Jesus has come to teach in the synagogue on the sabbath.  And while he’s there, he encounters someone really unexpected: a man with an unclean spirit.  The rules of the temple in Jerusalem also applied to local synagogues, which meant that this man shouldn’t even have been allowed to be in the synagogue at all.  He would have been barred from participation in his religious community because others considered him to be unclean.  

Now, Mark focuses on Jesus’ exchange with the unclean spirit, but just imagine for a moment the terrible loneliness of that man, rejected by his people and excluded from synagogue fellowship.  What Jesus chooses to do for him doesn’t just bring about his physical healing; Jesus also brings about the healing of relationship between this man and his community.  Jesus demonstrates his power and authority, for sure, but he also demonstrates his powerful love.

And just like in the reading from 1 Corinthians, there is a potential legal question in play here.  In this case, it’s the question of whether it is lawful to heal on the sabbath, which is something Jesus will be criticized for later in Mark.  But Jesus consistently shows time and again that acting out of love and genuine care for the neighbor is the true fulfilling of the law.  Like Paul, Jesus shows us that right relationship is more important than being right.    
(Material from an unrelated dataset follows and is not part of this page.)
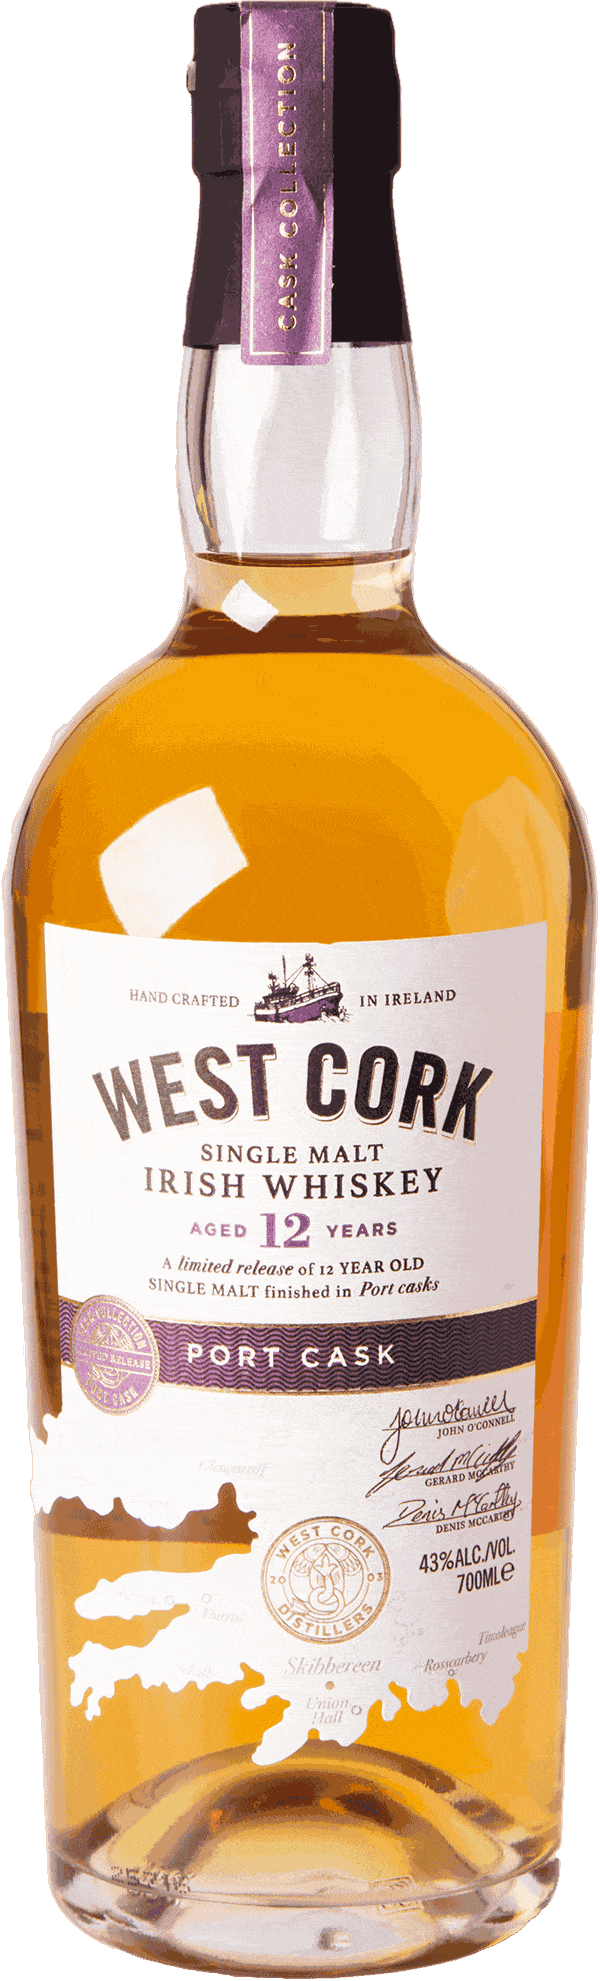 Whisky: West Cork 12 Years Old Portwood Finish

This is the heart of our Lutheran understanding of the gospel: it’s law vs. grace.  Neither Jesus nor Paul is saying that the law doesn’t matter – it does – but grace is at the heart of how God operates.  In his death and resurrection, Jesus shows us once and for all that the ultimate word of God for us is not a word of law, but a word of grace – a word of love.  We, like the Christian community in Corinth, are called to prioritize right relationship with one another because God prioritizes right relationship with us.  We are called to love one another, even when we find ourselves on opposing sides, because God first loved us. 
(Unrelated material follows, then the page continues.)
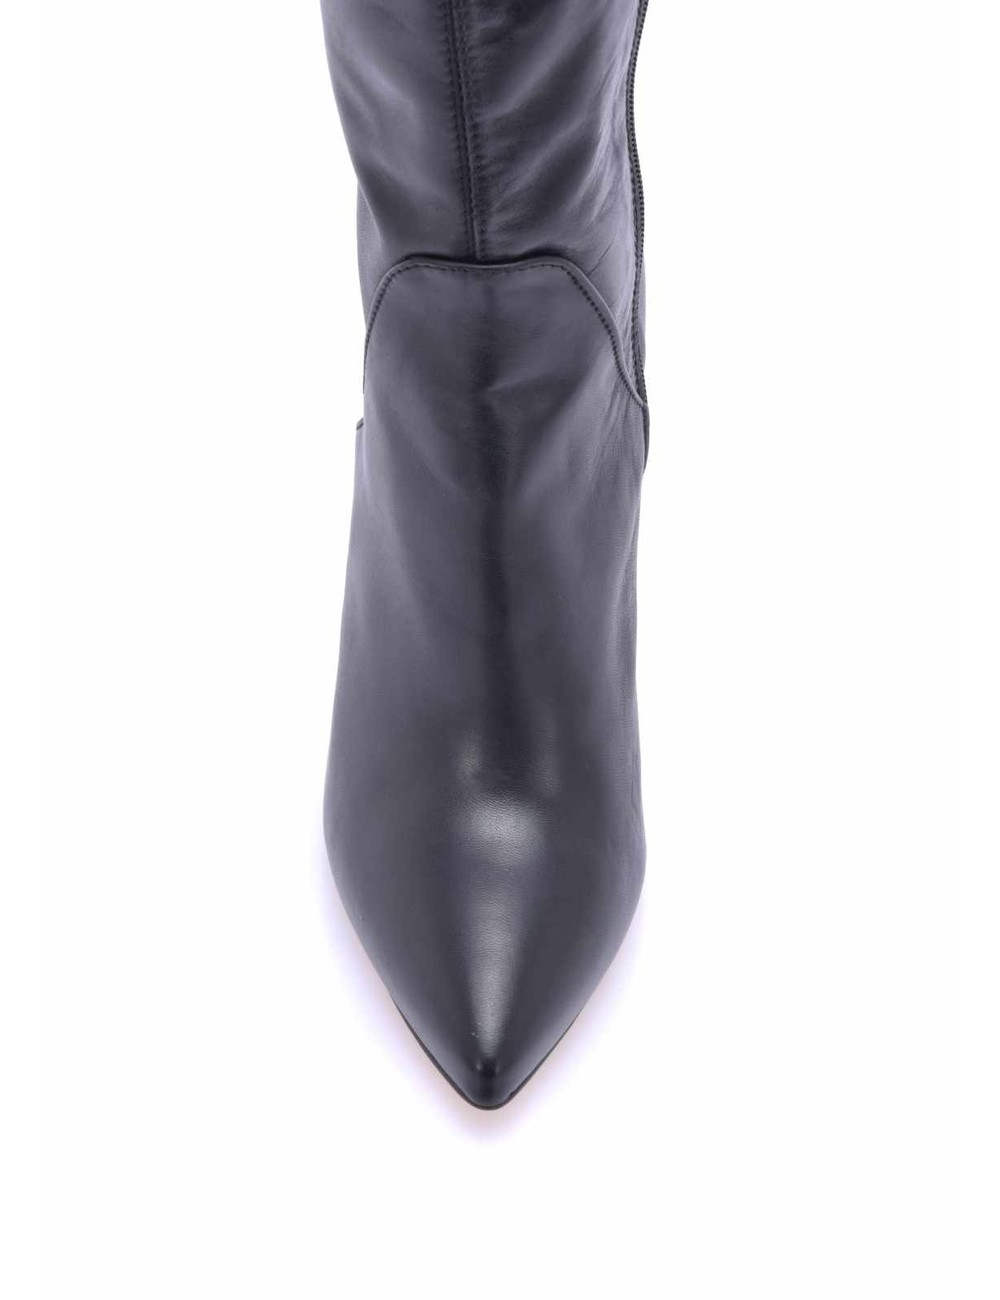 Sanctum  High Italian THIGH boots VESTA-10 with stiletto heels in genuine leather

We no longer have this intense disagreement in the church over whether or not to eat meat.  But you know as well as I do that we haven’t exactly moved on to live in perfect harmony.  If history is any indication, there will always be issues of intense contention in the church. These days, we’re mostly cool with eating meat, but instead we’re deeply divided by other issues; issues like: racism, abortion, the ordination of women, and the welcome and acceptance of LGBTQ folks (which parts of the church actually celebrate today).  These are topics that might make many of us squirm in our seats, wishing that the floor would open up and swallow us whole rather than having to talk about them with our siblings in Christ.  But the example that we see both Paul and Jesus setting in the scriptures isn’t one of avoiding difficult topics.  Nor do they set an example of allowing these difficult topics to break apart a community because people are unable to agree.  Instead they model what we have been called into: the difficult, dynamic, and daring work of being community in Christ.  

Our call is to live into discerning God’s will and the answers to these big questions together.  God doesn’t leave us stuck in division; God is continually calling us forward, into the future.  That’s why, just as the church eventually moved past the issue of eating meat, over time, the church will move past these issues as well.  (And, spoiler alert, with a God of love and grace, the safe bet for the future is to err on the side of greater acceptance and inclusivity.  Just sayin’.)

Our call is to be guided by love – the kind of radical love that leads us into relationship, even with people with whom we profoundly disagree.  It’s the kind of love that led God to take on flesh and die for people who totally didn’t deserve it.  It’s the kind of love that binds us together forever as the body of Christ. 

In the end, whether we like it or not, love is always the way.